Filtration or Immunoadsorption involves an apheresis procedure in which the patients’ blood is ‘filtered’ by passing it through a column containing beads coated with an IgG absorber such as Protein A which selectively filters out IgG molecules. This has few of the side effects of traditional whole volume plasma exchange. A single filtration session typically reduces HLA antibody MFI levels to half their pre-filtration values. Several rounds of filtration are required to reduce antibody levels to achieve a negative crossmatch. HLA antibody levels rebound to some degree after each session as antibodies equilibrate between intravascular and extravascular spaces. The H&I laboratory can help determine the number of rounds that may potentially be needed by undertaking HLA antibody titre tests.

IVIg

IVIg is typically given over the course of several months until a negative crossmatch is achieved. A common dose is 1g/kg patient weight. The exact mechanism of action of high dose IVIg is unknown. Proposed mechanisms include an anti-idiotypic effect of IVIg on HLA antibodies, saturation of the neonatal Fc receptor which would normally protect endogenous HLA IgG molecules and induction of apoptosis in B cells.

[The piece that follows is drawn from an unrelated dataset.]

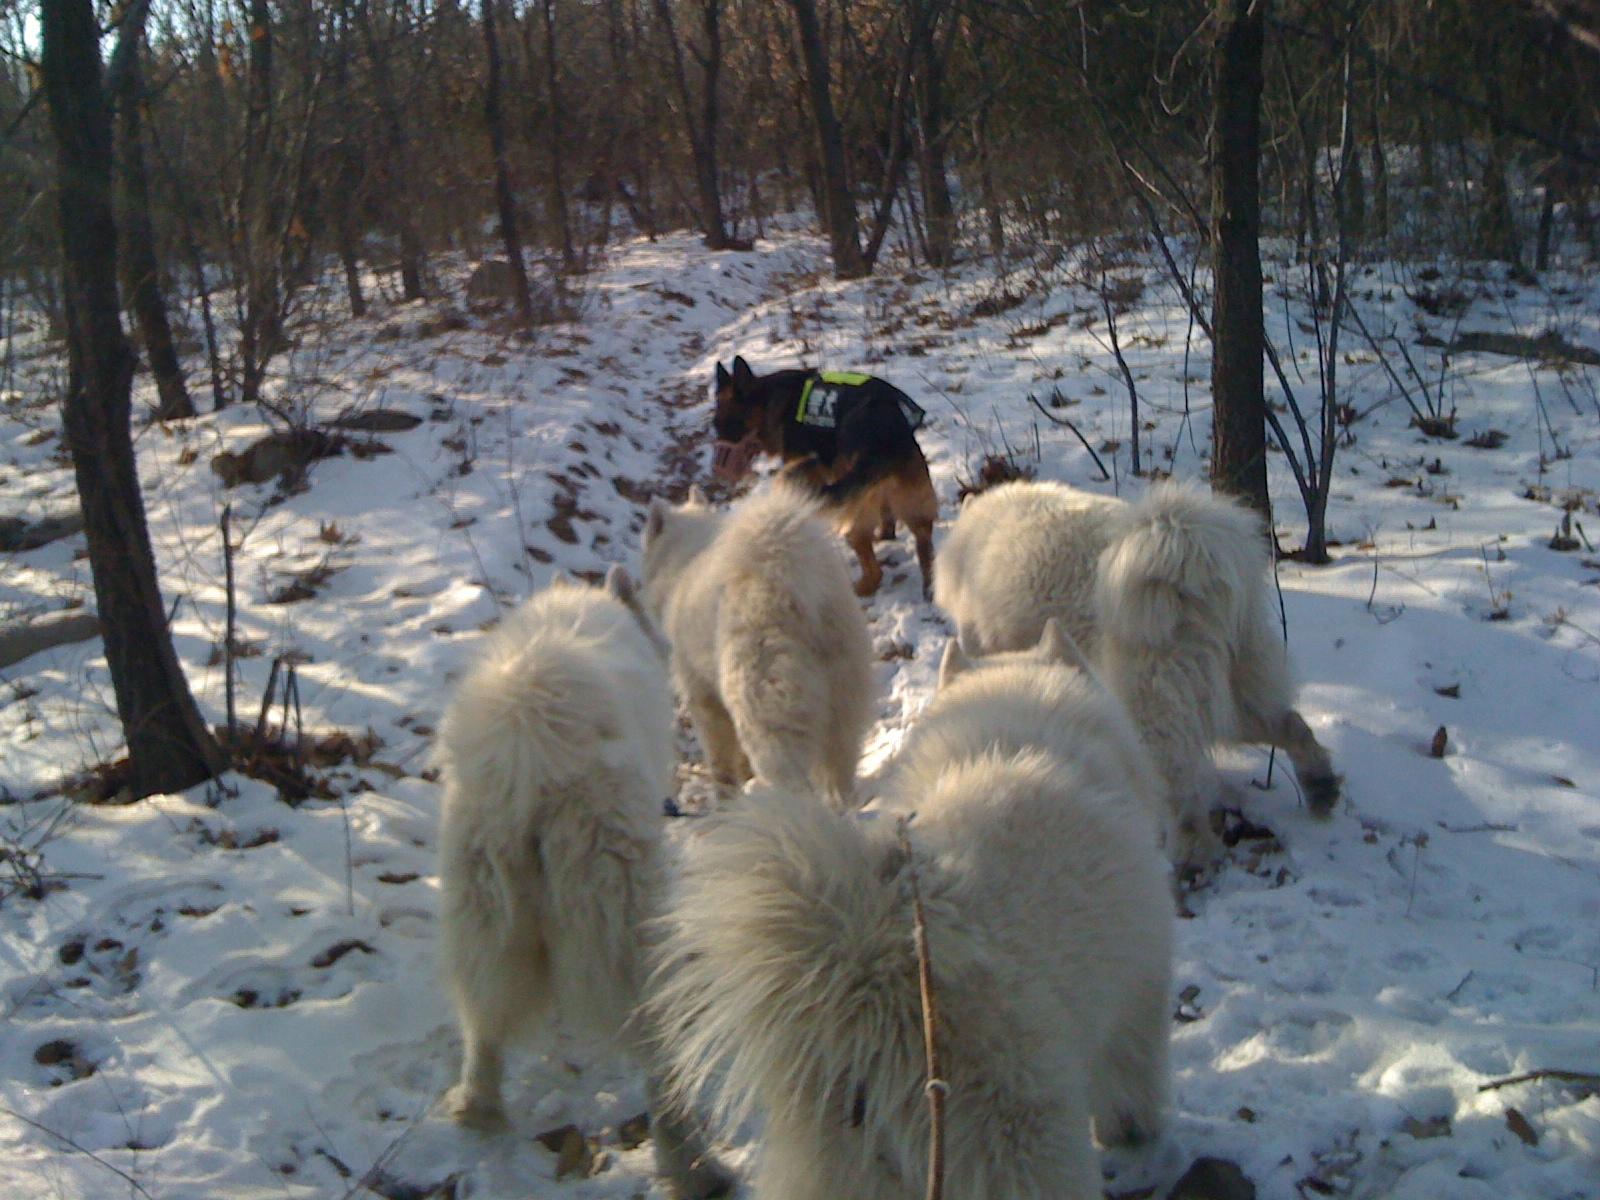 香山雪地里发现野猪蹄印

One disadvantage of high dose IVIg protocols is that they have been associated with thrombotic complications.

Rituximab

Rituximab is an anti-CD20 recombinant chimeric murine-human monoclonal antibody. It binds to CD-20 which is expressed on precursors and mature B cells but not on plasma cells. Binding triggers a series of cytotoxic immune response resulting in the elimination of B cells and the reduction in antibody formation. As B cells play an important antigen presentation role to helper T cells, their reduction through Rituximab also reduces other immune responses.

Bortezomib

Bortezomib is proteasome inhibitor used mainly in the treatment of relapsed multiple myeloma. Proteasomes are thought to support the immortal phenotype of multiple myeloma by rapidly degrading pro-apoptotic factors. Bortezomib binds to the catalytic site of proteasome with high affinity and specificity, inhibiting its action and permitting the activation of programmed cell death. Bortezomib induces apoptosis in plasma cells, which are immune to Rituximab and is therefore very useful in desensitisation protocols in solid organ transplantation.